И чтобы избавиться хоть на секунду от мыслей об этом, она заставила себя все же повернуть голову.

Рядом спал Вячек.

Агния понятия не имела, как выглядит сейчас она сама. Наверное, ужасно. Ее же муж казался очень уставшим. Даже во сне. Все его черты обострились, а под глазами и скулами пролегли темные тени. Губы были плотно и напряженно сжаты, несмотря на то, что он вроде бы отдыхал. А в их углах проступили глубокие складки. Да и морщинки у глаз стали куда заметнее, чем раньше. На щеках виднелась жесткая щетина. Наверное, последнюю пару дней Вячек забывал бриться. А может, ему было не до того, ведь он столько занимался ею.

Агнии было стыдно. Пусть она слышала все его слова, все заверения в том, что нет вины Агнии в своей зависимости. Но мысль о том, что она могла бы быть сильнее, бороться с этим лучше – не позволяли ей успокоиться. Однако и мотивации не добавляли. Скорее изматывали еще больше. И угнетали.

Мелькнула мысль… Нет, даже не мысль, а какое-то не до конца оформившееся стремление или желание – вот, если бы ей достать хоть немного тех таблеток, что давал Виктор… Она бы смогла потом перебороть свою тягу к ним. Но эта слабость бы ушла. Только немного…

Она сжала пальцы так сильно, как только могла, прогоняя это желание, и опять посмотрела на любимого.

Нет, Агния не винила Вячека. Ни в чем. Никогда. Она знала, на что шла, однажды решив быть с ним. Она знала, кто он такой и понимала последствия своего выбора. Увидев его там, во время концерта, она решила, что сошла с ума, что кто-то из людей Виктора переборщил с дозой наркотика… Ее сознание готово было выдвинуть любую идею. И все равно – Агния в тот момент была дико, безумно счастлива его видеть. И ни на секунду в ее разуме не мелькнула мысль обвинить мужа в том, что ей довелось пережить за этот год.

Агния знала, что все в этом мире имеет свою цену. Она когда-то выбрала жизнь с человеком, который мог не задумываясь убить кого-то. Избить человека только потому, что Вячеславу такое действие казалось верным, не учитывая иные, даже самые веские резоны и причины. Вячека заботило только собственное мнение и собственный взгляд на действительность. И все это Агния приняла. И она осознавала, что рано или поздно ей придется заплатить за счастье с таким человеком.

А она была с ним счастлива. Счастлива так, что мир сиял вокруг нее не просто всеми красками, а, казалось, искрился бриллиантовой крошкой.

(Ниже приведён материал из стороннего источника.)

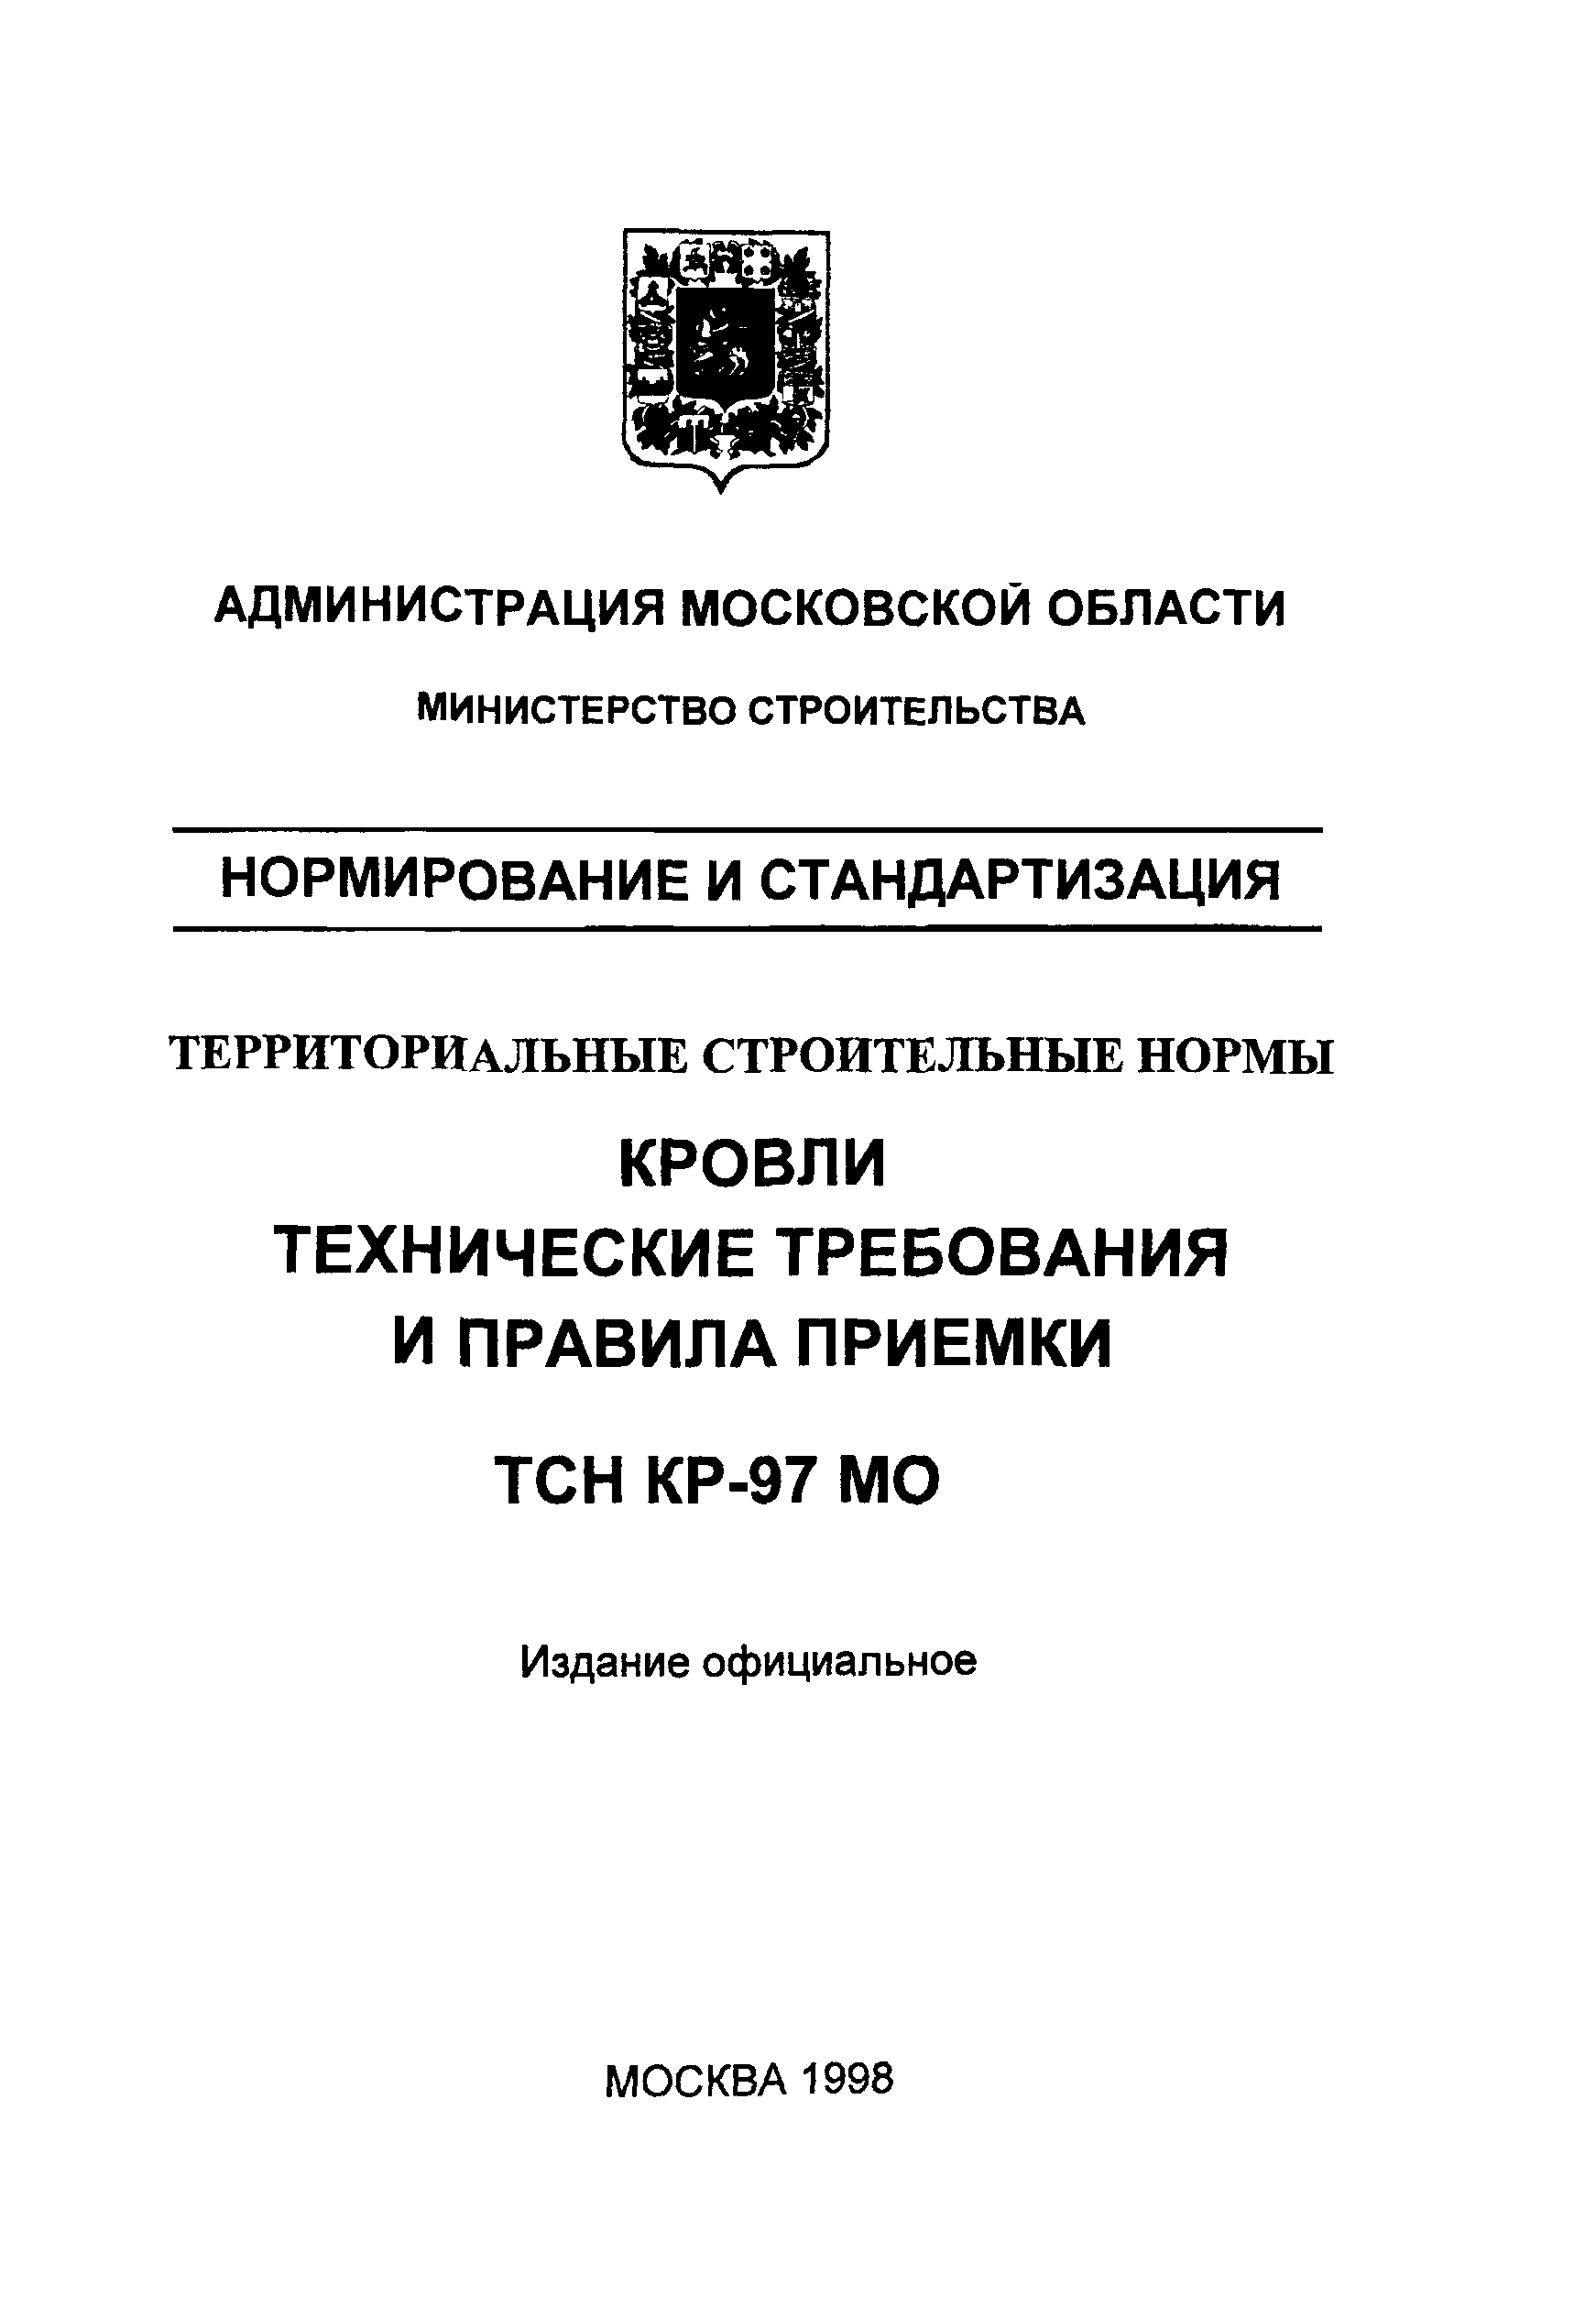 ТСН КР-97 МО

Вячеслав окружил ее такой любовью, такой страстью, что Агния терялась в его чувствах. Тонула с головой. Эта любовь была жадной и требовательной, обособляющей, отграничивающей ее от всего остального мира. Ну и пусть, Агния ни в ком больше не нуждалась, если Вячек был с ней рядом. Все эти годы ей было достаточно только его присутствия.

Что ж, тем дороже оказалась цена.

Агния закрыла на секунду глаза и тяжело сглотнула. А потом снова посмотрела на спящего мужа. Как же сильно она измотала его за эти дни. И Агния даже не знала, сколько именно времени прошло с того момента, как он появился перед ней на концерте. Неделя? Месяц? Двое суток?

Нет, точно больше, чем пару дней. Вот только, сколько именно?

Светлое и темное время суток, дни и ночи – в ее сознании все смешалось, и Агния не могла уже четко разделить, когда она бодрствовала, снедаемая жадной, черной потребностью в наркотике, а когда спала, забывшись тяжелым забытьём под действием препаратов, которые вводил ей Алексей.

Она помнила, как Леша говорил, что первая ночь будет самой тяжелой, как убеждал в этом Вячеслава. Но все оказалось не так. Может быть ему, врачу, с его позиции, все казалось именно таким. Но Агния ощущала иначе.

Перетерпеть боль в теле, мучительное напряжение, когда не удавалось расслабиться и просто закрыть глаза без препаратов – да, это было сложно. Но терпимо, особенно с помощь всех тех лекарств, что ей вводили, и с присутствием Вячеслава рядом.

А вот справится с тем, что нахлынуло, оккупировало ее сознание после – не помогали ни лекарства, ни постоянное бдение любимого около нее. Апатия. Какое-то беспросветное и угнетенное, настолько подавленное состояние, что дышать не хотелось, не то, что двигаться или говорить. Ничего, абсолютно ничего не приносило не то, что радости, а хоть мимолетного ощущения комфорта. Никакое положение тела не давало облегчения, ничего не позволяло отвлечься.

Алексей пытался донести до нее какую-то информацию. Объяснить, что наркотик подавлял ее собственные «гормональные механизмы удовольствия» в мозгу, что тем необходимо теперь восстанавливаться, как, к примеру, конечности после перелома. Агния старалась поверить, старалась убедить себя бороться. Но мотивация не работала. Она дышать не могла. Телом не могла, не легкими. Ей просто было плохо. Все плохо, без уточнения и дифференциации на органы и составляющие. И даже видя, что от такого ее состояния страдает и мучается Вячек, ничего не могла с собой поделать. Она принимала таблетки, которые по его требованию давал ей Алексей, она старалась как-то встряхнуться и напомнить себе о том, что ей есть ради чего стараться и жить. Но пока это все не срабатывало.

Агнии стало безразлично совершенно все. И любая мысль, любое воспоминание лишь угнетало еще больше. Вновь накатила тоска и безумное горе от воспоминаний о потере ребенка. То отчаянье, которое толкнуло ее на попытку самоубийства, грех, который она никогда не считала себя способной совершить. Нет, сейчас Агнии не хотелось наложить на себя руки.

Ей даже этого не хотелось.

Вообще ничего. Она пребывала в каком-то сумеречном состоянии сознания и никак не могла из того вынырнуть.

Ни солнце за окном, ни лето, которое наступило уже в мае, ее не радовало. Единственное, что хоть немного вызывало отклик внутри – было все же присутствие Вячека, хоть и это не пробуждало ее волю к жизни. И, тем не менее, сейчас она лежала и смотрела на спящего мужа, понимая, что совсем измотала его своим собственным состоянием.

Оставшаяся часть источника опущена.